Last week, The Cardinal Newman Society reported that Cardinal Secretary of State Tarcisio Bertone S.D.B., issued a deadline to the Pontifical Catholic University of Peru (PUCP) to adapt is statutes to the Apostolic Constitution Ex corde Ecclesiae.
The Vatican has the right to strip the university of its title as a pontifical institution.
Well, it seems like PUCP has heard the Vatican’s “or else” and is responding with a “so what?”
Peru This Week is reporting that the lead attorney for the Catholic college, Jorge Avendano, is emphatically saying the college will not comply with the Vatican’s demands.
Although a formal announcement isn’t expected until the university’s assembly on Tuesday, Avendaño said the institution would not be complying with the Vatican’s requests.
According to Peru21, Avendaño said that in any case the university might be forced to remove the word ‘Pontifical’ from their name, but not the word ‘Catholic’, which is more generic, and therefore could be retained.
That’s an important legal distinction he’s making. As reported by LifeSiteNews.com, if the college loses its status as a “Catholic” college, it could also lose the land it’s built on, as the inheritance that was left to the institution in the 1940s was on condition that it function as a Catholic college.

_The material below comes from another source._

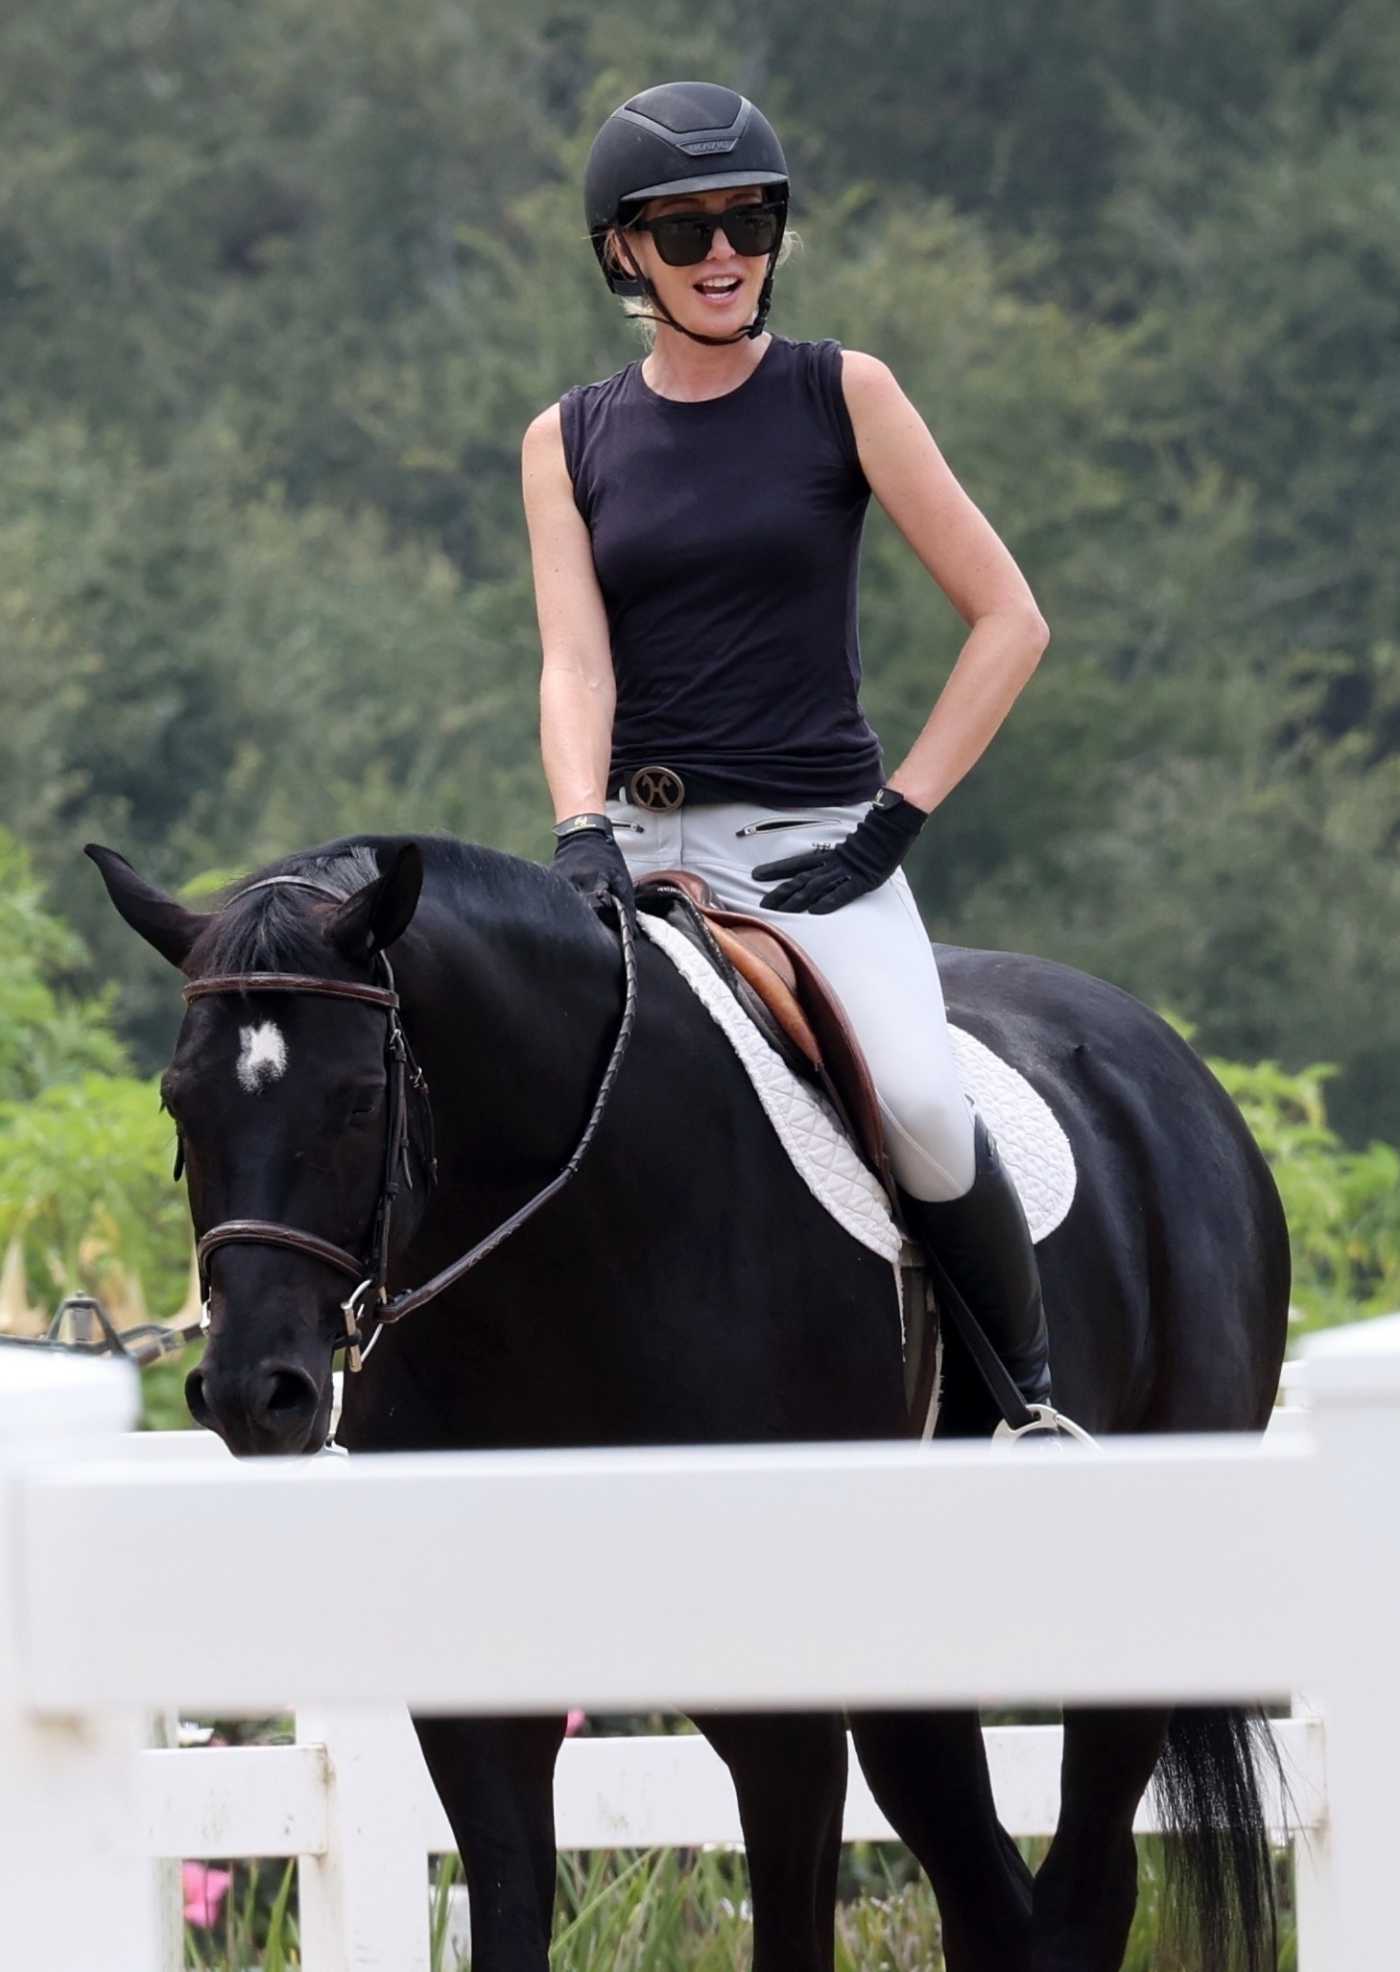 Portia de Rossi in a Black Top Takes Horse Riding Lessons in Santa Barbara 08/23/2020

“If you’re not a Catholic university and you don’t have the recognition of the Vatican, you cannot use that for the purposes of Catholic education. So, you have to return those properties,” Canon lawyer Fernan Altuve told the Peruvian daily El Cormercio in a recent interview.
The property, he said, would revert to the Archdiocese of Lima.
That’s why the college seems more than willing to forego its pontifical status but will likely wage a long legal battle for the term “Catholic.”
This may just get uglier and uglier for a long while.